I am well aware that people feel either totally in support or totally against journaling- and that's ok! There are certain times -such as when we are in a really raw/ vulnerable place, or if we are in fight/flight/freeze mode- where journaling isn't helpful. Journaling from this headspace can lead us down a dark "rabbit hole" of thoughts that aren't healing or enjoyable, and I'm really sorry if you've had a negative experience like that previously.
Still, I think it has a place and I find journaling to be a very helpful tool for these reasons:
1) It requires us to set aside time to look inward and consider our thoughts and emotions
2) It leaves no room for avoidance
3) It provides us insight into our thoughts and emotions that we may be unaware of
4) It allows us something to look back and reflect on in our healing journey
5) There are many different types to try depending on what we are seeking to gain from it
For those reasons, journaling can also feel really uncomfortable.
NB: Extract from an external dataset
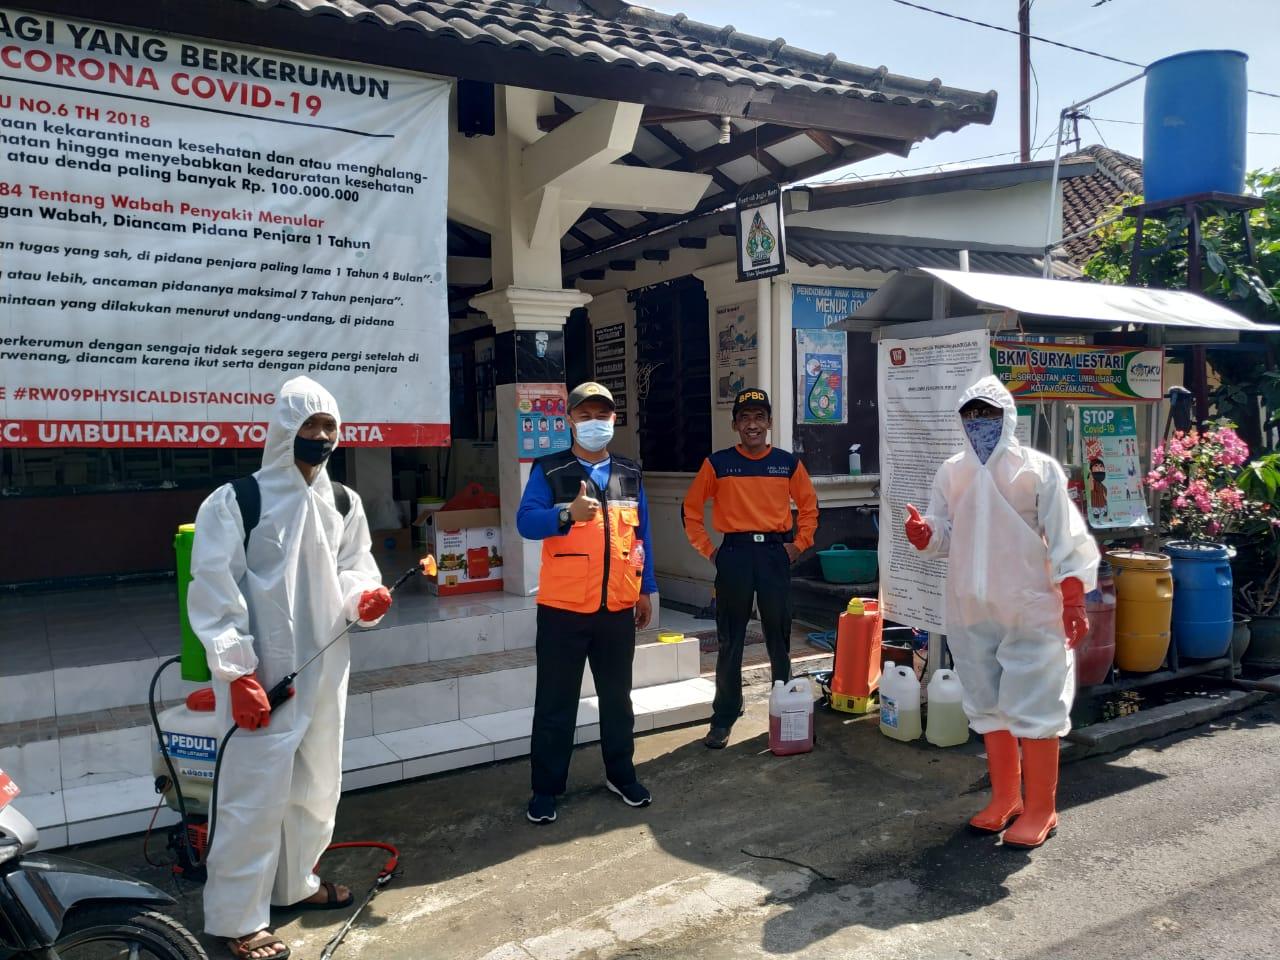 Kegiatan Kerja Bhakti Penyemprotan Disinfektan di Wilayah RW 07, RW 08, dan RW 09  Kelurahan Sorosutan

It requires us to sit down with the thoughts and emotions we maybe spend all day trying to avoid and acknowledge them, make space for them, and consider how to use the information they are giving to us.
Remember, Uncomfortable ≠ Unsafe
For the record, I'm not a fan of telling people to get a pen and some paper and just "see what comes up". In my experience, this type of unstructured journaling can feel aimless, unhelpful, and even set people backwards.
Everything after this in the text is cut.